Summary. The manuscript proposes an efficient test-time optimization approach for zero-shot depth completion. It argues that depth foundation models concentrate depth-relevant information in a low-dimensional decoder subspace, allowing adaptation of only this subspace via low-rank updates driven by sparse depth supervision. The method is claimed to achieve state-of-the-art results on five indoor and outdoor datasets while establishing a superior accuracy-efficiency Pareto frontier compared to diffusion-based and prompt-based baselines.

Significance.
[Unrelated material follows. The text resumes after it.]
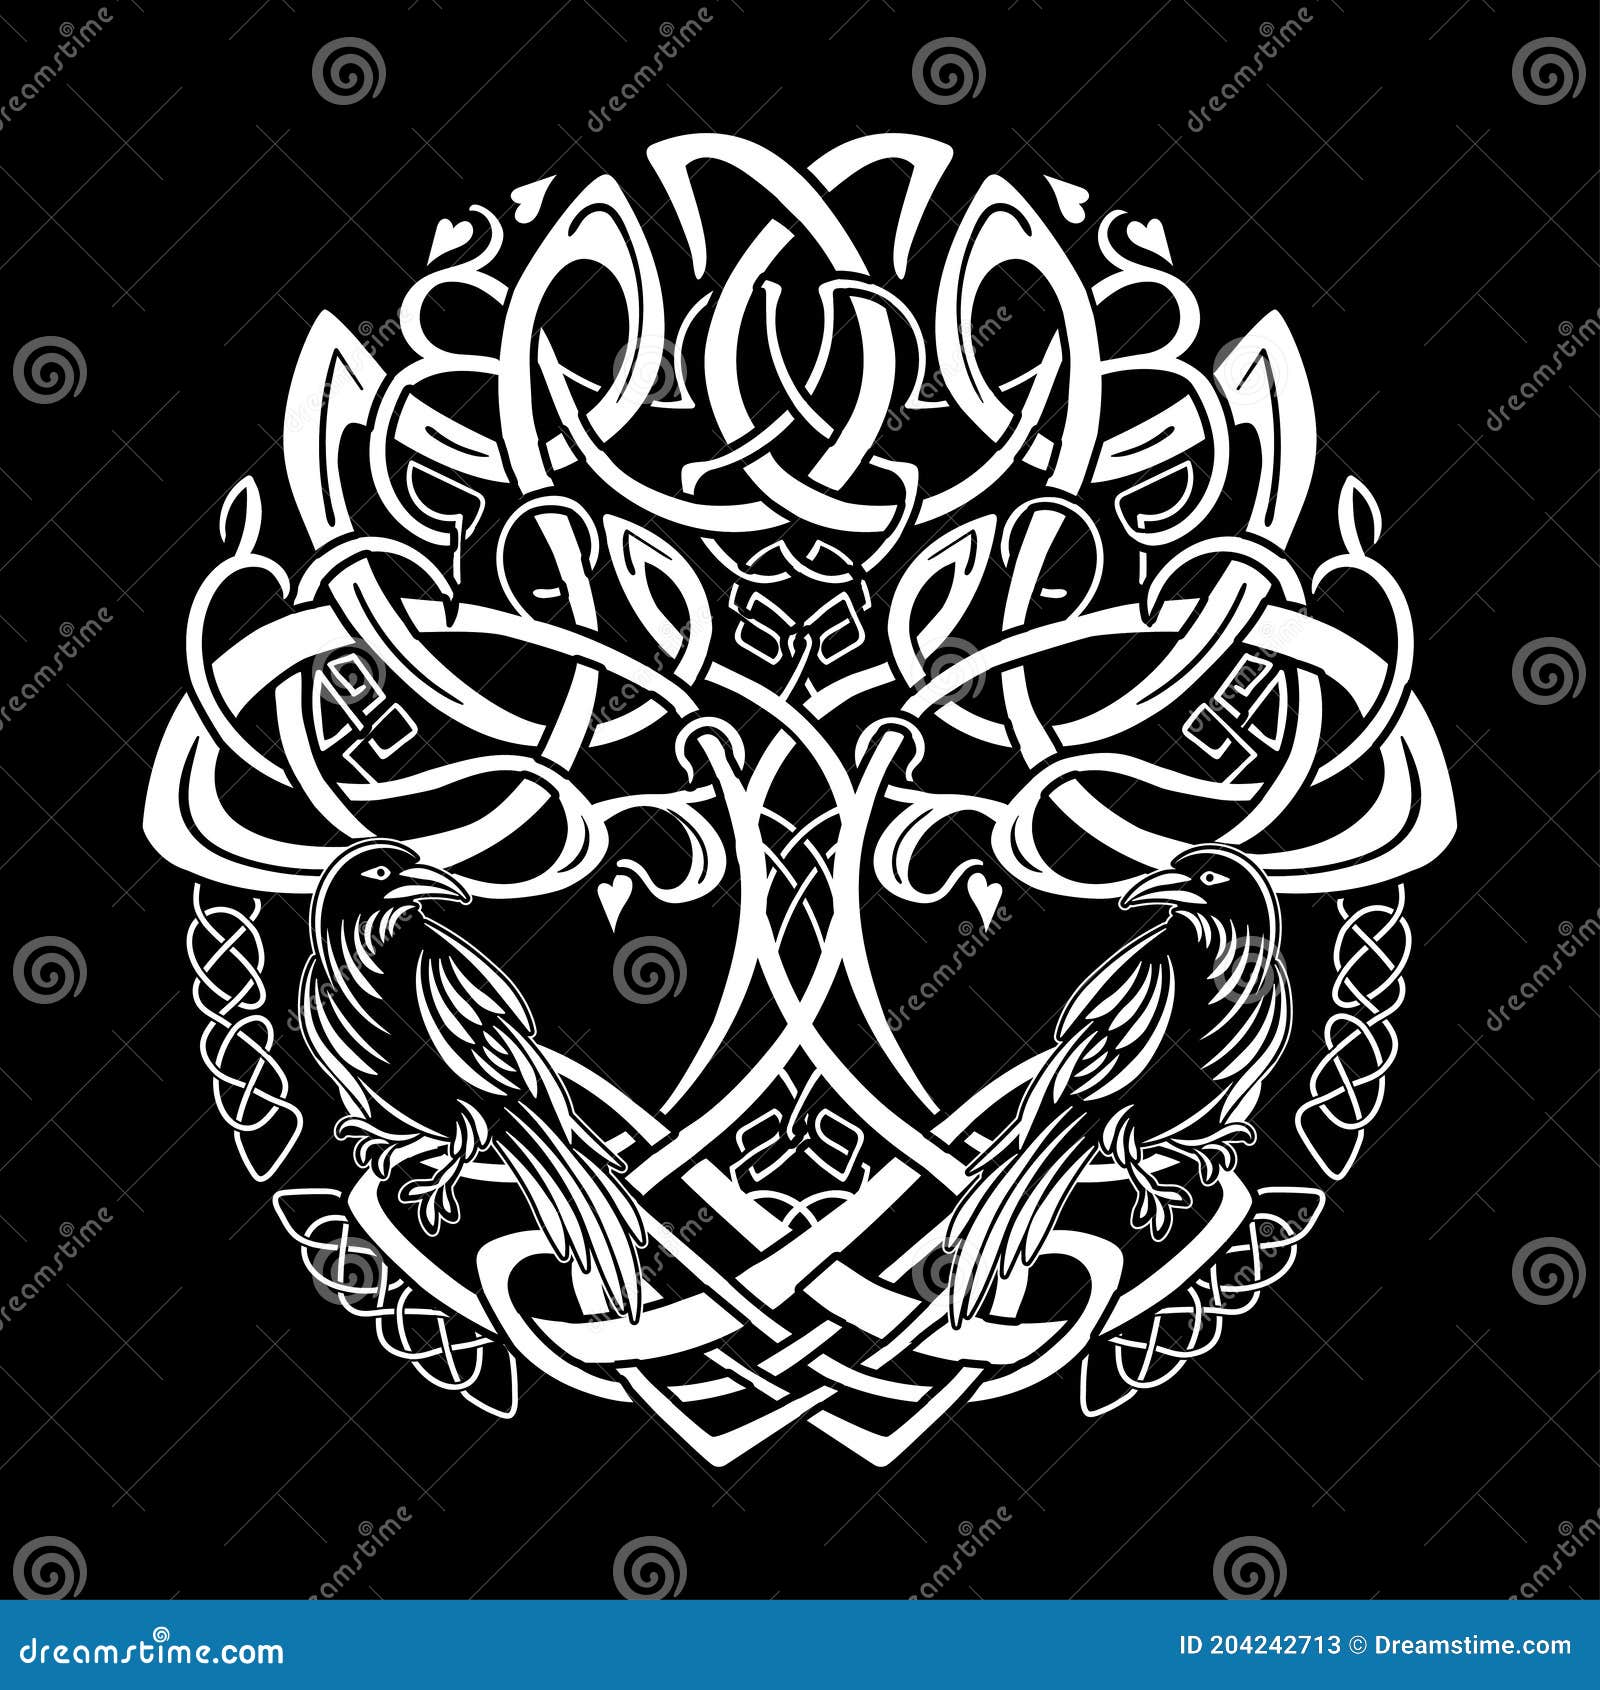 Stainless Steel Yggdrasil Huginn & Muninn Odins Ravens Hexagon Crest Flat Top Biker Style Polished Ring 
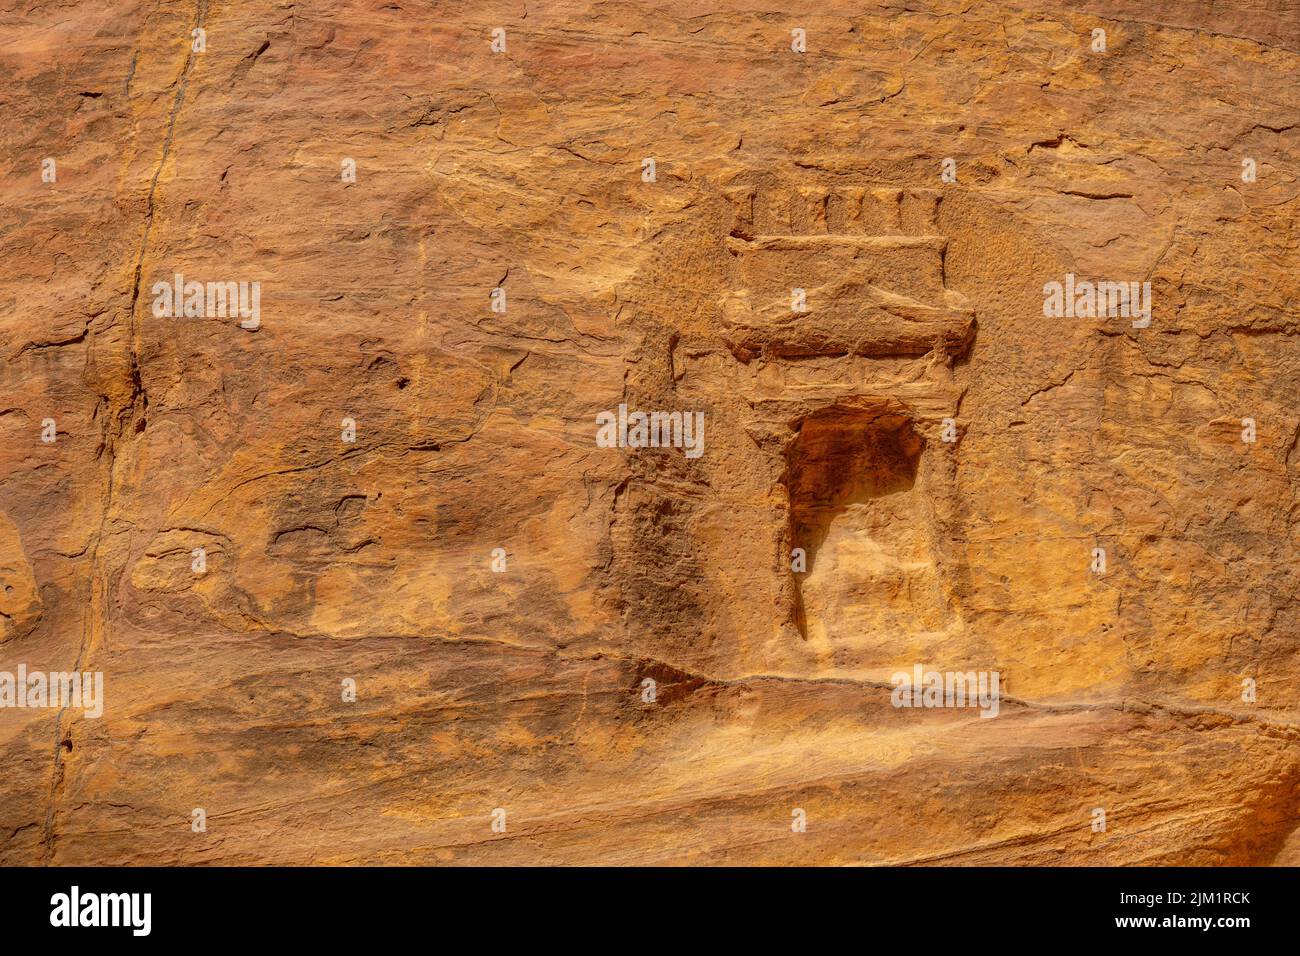 Nabatean rock carvings in Al-Siq the canyon entrance to Petra Jordan. Stock Photo

If the core assumption holds, the work would meaningfully advance practical test-time adaptation for depth completion by reducing the computational burden of full-network or iterative denoising methods, enabling faster inference without sacrificing accuracy across diverse scenes.

major comments (2)
  1. [Abstract] Abstract: The central claim that depth foundation models concentrate depth-relevant information within a low-dimensional decoder subspace is presented without any described supporting analysis (e.g., activation statistics, subspace stability metrics across scenes, or direct ablation of decoder-only vs. encoder+decoder adaptation under identical sparse supervision). This assumption is load-bearing for the method's justification and the reported efficiency gains.
  2. [§3] §3 (Method): No details are provided on how the low-rank subspace is identified or selected (e.g., whether it is determined post-hoc from the frozen model, via a fixed rank choice, or through a data-driven process), nor on error-bar controls or statistical significance for the SOTA claims across the five datasets. This leaves the central empirical support unverifiable from the given description.
minor comments (2)
  1. [Abstract] The abstract mentions 'consistent improvements' but does not specify the exact metrics or baselines used for the Pareto frontier comparison.
  2. [§3] Notation for the low-rank adaptation (e.g., definition of the subspace projection or update rule) should be introduced earlier for clarity.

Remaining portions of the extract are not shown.